So, if there were a step-by-step process that any aspiring entrepreneur could follow, would that be a good or bad thing? In the tech sector, some say such a formula is being taught: the lean-startup methodology, an approach to entrepreneurship that consists of clearly defined steps for discovering customers and developing a product or service.

Over the past five years, the lean movement has spread beyond the traditional tech sector to being taught within the government to publicly funded scientists so they can better translate their research into commercial innovations. At the National Science Foundation and the National Institutes of Health, this entrepreneurship-training program is called I-Corps (Innovation Corps).

Now the Lean LaunchPad is being used to address national-security and foreign-policy concerns. After a successful pilot class at Stanford University last spring, the course “Hacking for Defense” will be taught to college students around the country as a way to develop solutions to critical national security problems for the national-defense and intelligence communities. And this fall, another lean-startup course at Stanford debuts, called “Hacking for Diplomacy,” where students will work on challenges faced by the U.S. State Department.

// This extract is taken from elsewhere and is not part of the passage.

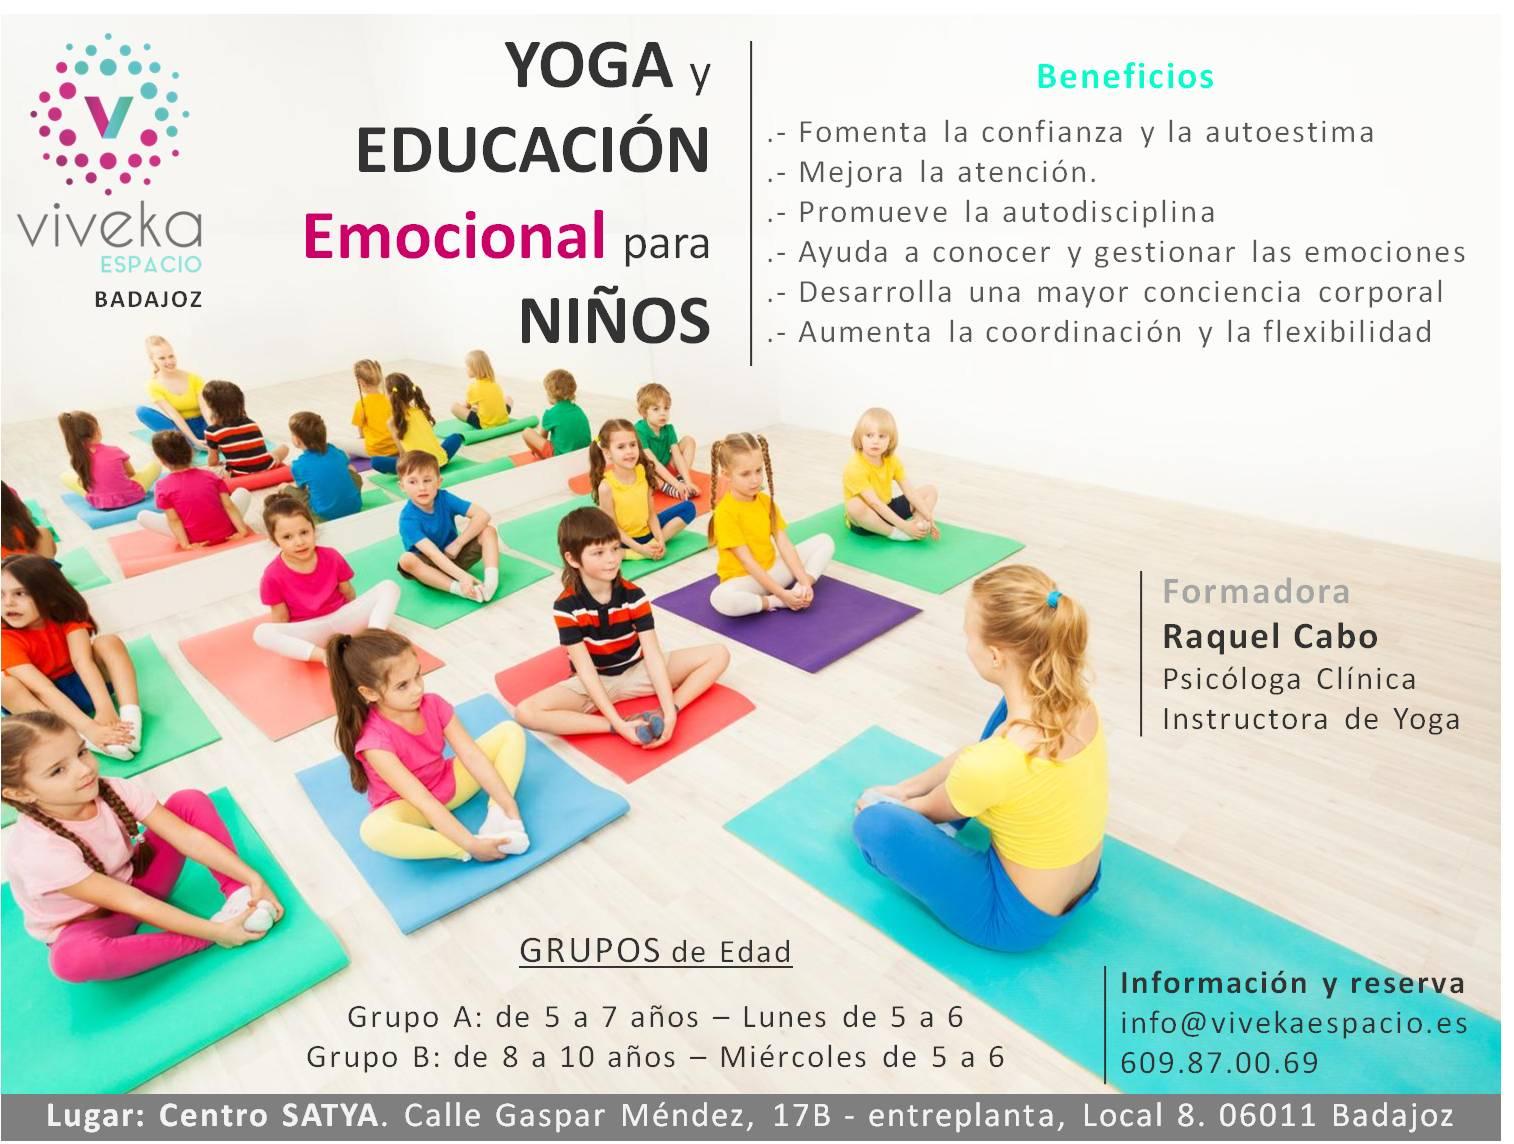 Yoga y Educación Emocional para NIÑOS 2d9f0be6d449

From tech startups to government-funded research and now national defense and international diplomacy – are there no limits to the lean approach? Devotees say its widespread adoption and track record of success are proof that it works. Others say the methodology doesn’t make sense for certain sectors. So, who’s right?

A ‘lean’ history lesson

In 2005, retired Silicon Valley entrepreneur Steve Blank came out with The Four Steps to the Epiphany, which first stated that startups are not smaller versions of large companies, but nascent ventures in search of a business model. Four years later, a Swiss business theorist, Alexander Osterwalder, introduced the world to a new tool to help startups design their business model, called the “business model canvas.”

By then, Blank had become an educator, teaching entrepreneurship at Stanford. He combined Osterwalder’s business-model canvas with the customer-development process he defined in Four Steps and began teaching what he called the “Lean LaunchPad” methodology in 2011.

Today, countless students and entrepreneurs who have come across his books, including the 2012 bestseller The Startup Owner’s Manual, credit their success to Blank’s insights. The movement was also advanced by the 2011 book The Lean Startup, by Eric Ries, and continues to grow as the federal government now teaches the lean-startup methodology to scientists at its national labs using the curriculum Blank developed.

An eight-time serial entrepreneur, Blank is the first to admit there is no rule book in Silicon Valley. What his Lean LaunchPad approach does is help entrepreneurs avoid some of the most egregious failures, which he explains are often caused by hubris.

“It’s all the attributes of a world-class founder — passion, resilience, velocity, urgency — that make most of them fail because they end up confusing a faith-based enterprise with a fact-based enterprise,” Blank said. “You need faith to start, against all odds. But what you rapidly need to do is replace the faith with facts.”

The cornerstones of the lean methodology include:

  • proposing a business opportunity in the form of a “hypothesis” about a need in the market
  • defining the essential building blocks for the proposed business (key partners and resources, customer segments, revenue streams, etc.)
  • quickly testing the assumptions about the market and customer needs by getting out and talking to lots of people
  • using “agile development” to adjust the product or service based on all the feedback, and then launching a “minimum viable product” to find product/market fit.

From there, continued feedback intake drives product improvement and, if necessary, any changes in the direction of the business — otherwise known as a “pivot.”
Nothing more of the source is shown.